We have recently switched to ExpediaGroups GraphQL library which is based on Spring Webflux.

Since switching our Jaeger Traces show gaps before and after the last database query / span is created: enter image description here There is no computation heavy work done before or after performing the aforementinoned database queries besides trivial entity -> DTO mapping. An initial investigation via VisualVM has shown no obvious hotspots but we are losing an overall of 3-6ms in a local environment (dev, prod suffer even more) which increases the overall response time by 100%.

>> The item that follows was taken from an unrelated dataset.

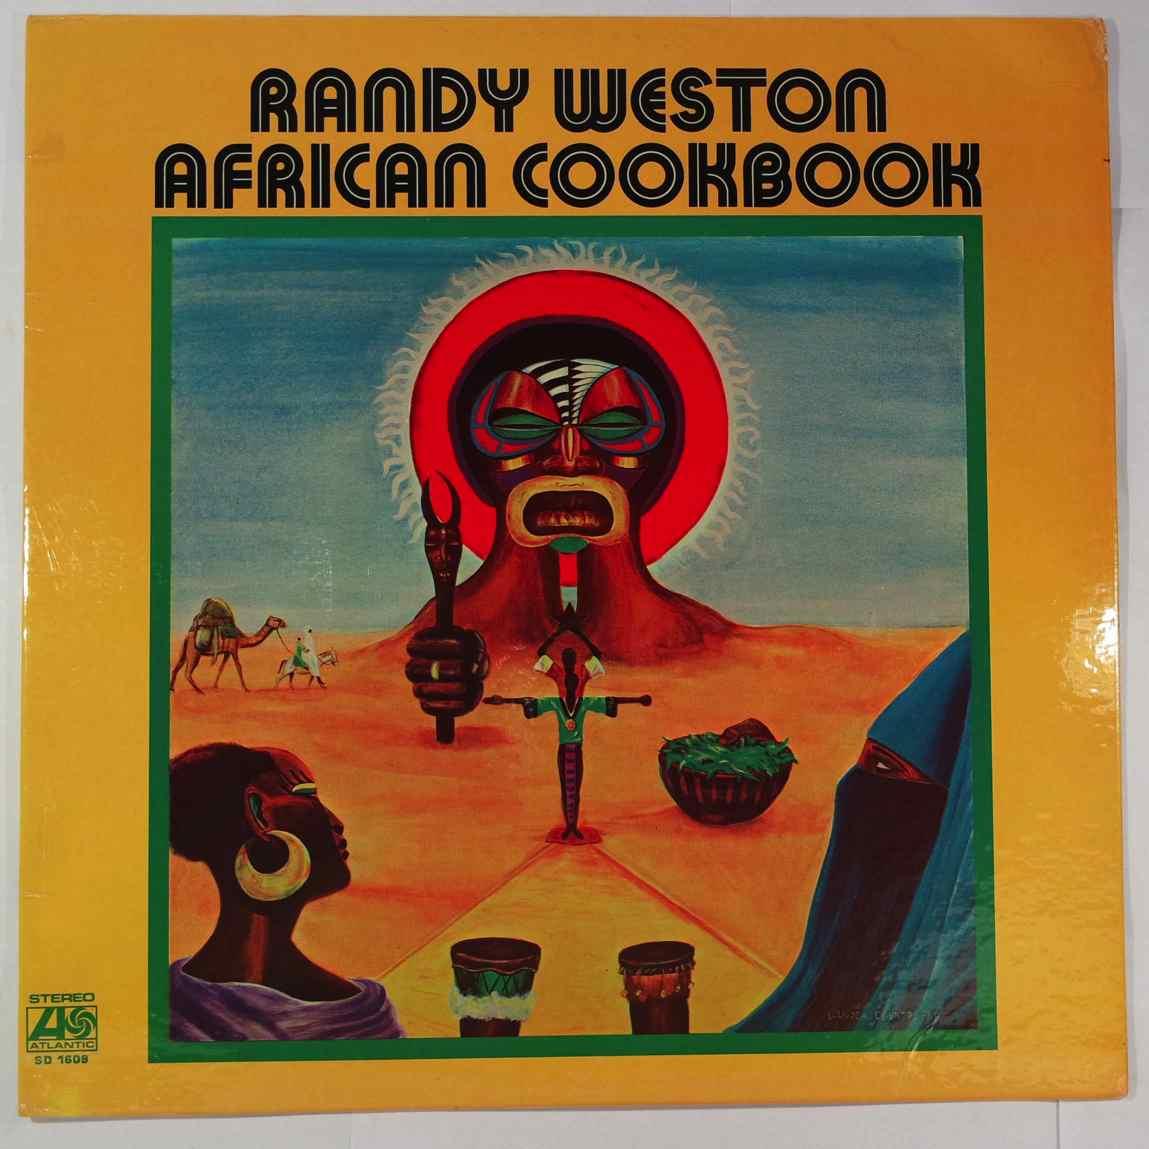 RANDY WESTON - African Cookbook - LP
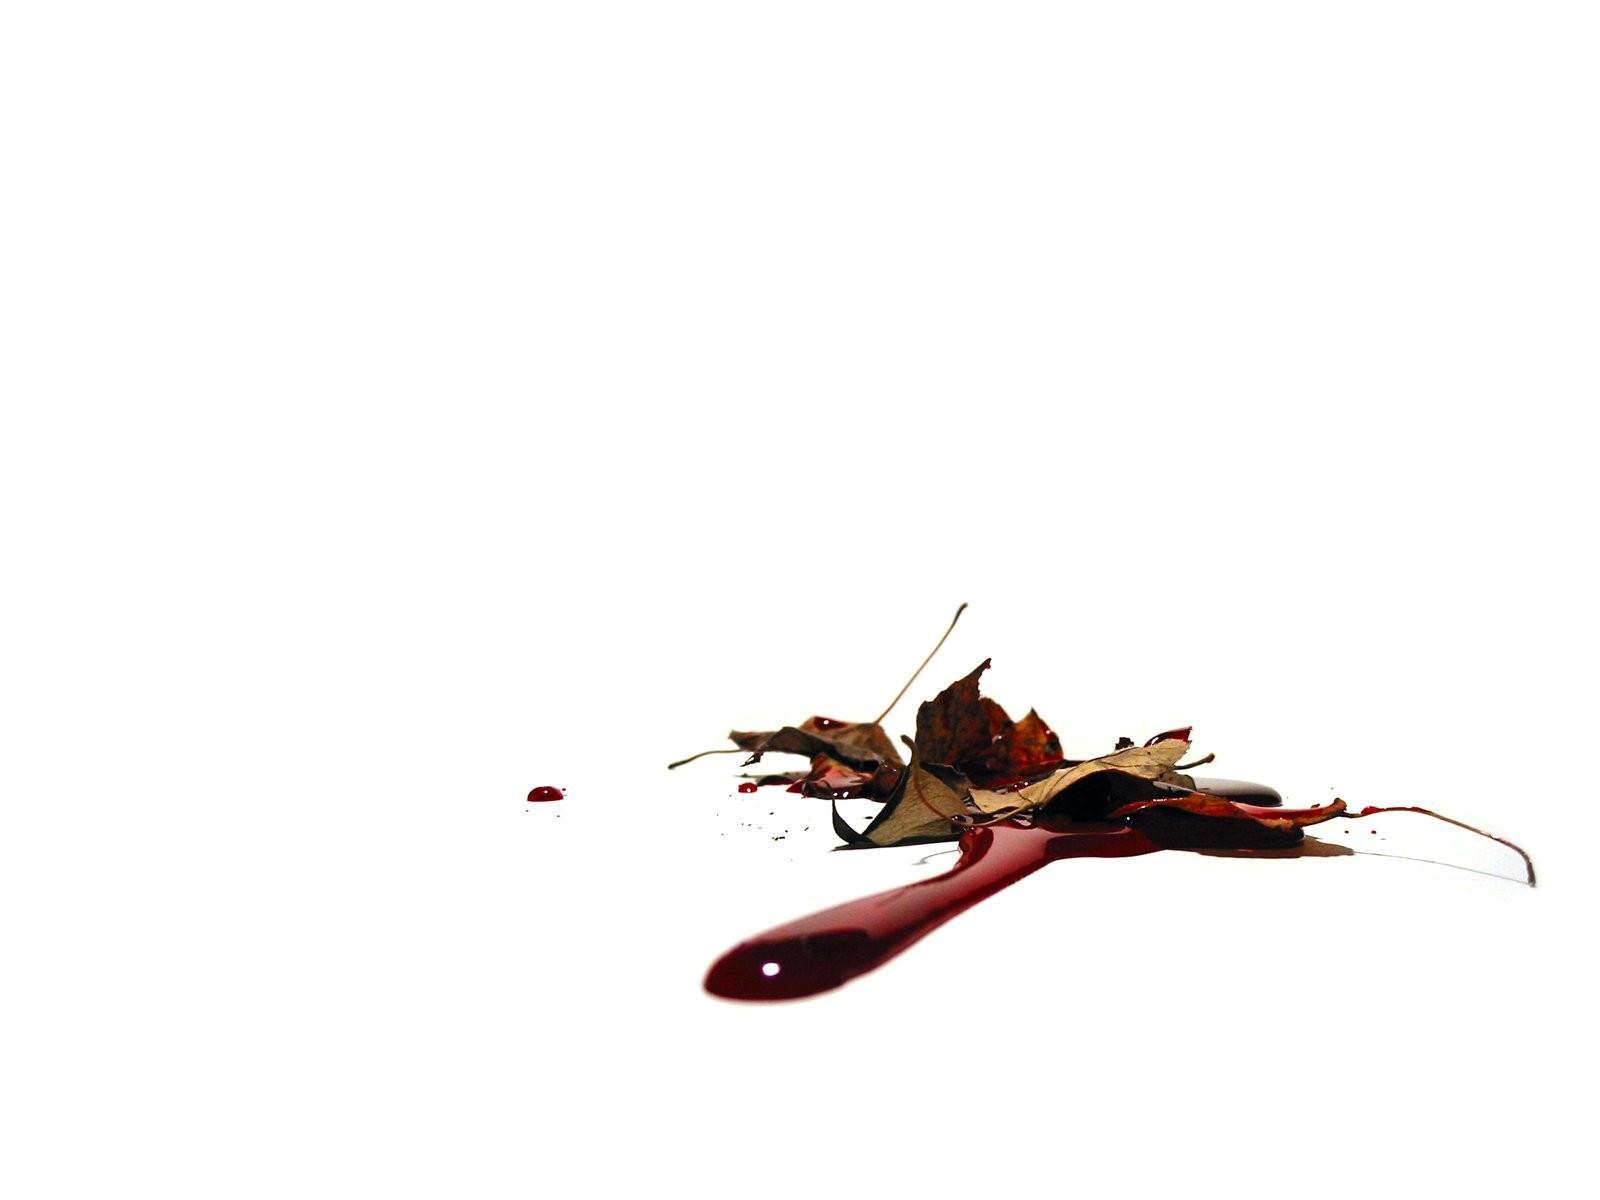 Капли крови под листьями

We are at a loss where to go from here: Is it a WebFlux issue? Is it a issue in regards to the linked library? We are executing all of our logic in a separate ThreadPool which is not saturated (these results are present for one client non-concurrently calling our GraphQL endpoint) so we shouldn't block the event loop of Netty (even if we did: it shouldn't create those "gaps" if my understanding of Webflux is correct).

I am looking for a way to further investigate this issue or any configuration knobs.

The "gaps" in between the database calls have been identified to be framework related and can be circumvented by restructuring our code, the head and tail "gaps" cannot be accounted for in profilers / worked around. Furthermore we are not losing any tracing related information across thread boundaries, that has been accounted for.

Additional information:

  • Our response size on average is below 1 kb
  • There is no reverse proxy in front of this service in a local environment which also exhibits this issue
  • All traffic is HTTP, not HTTPS

Solution

  • After a lot of debugging we have found the following answers:

    • The "gaps" in front and at the end of each request is just pure I/O of the incoming requests and the corresponding response. This also explains the bigger gaps in production when the requestee is slowly consuming the response / sending the request which doesn't hold true for localhost requests
    • The larger gaps in between can be attributed to lacking warmup (JIT) which seems necessary for the WebFlux stack
    • The overall "bad" performance is also warmup related (JIT)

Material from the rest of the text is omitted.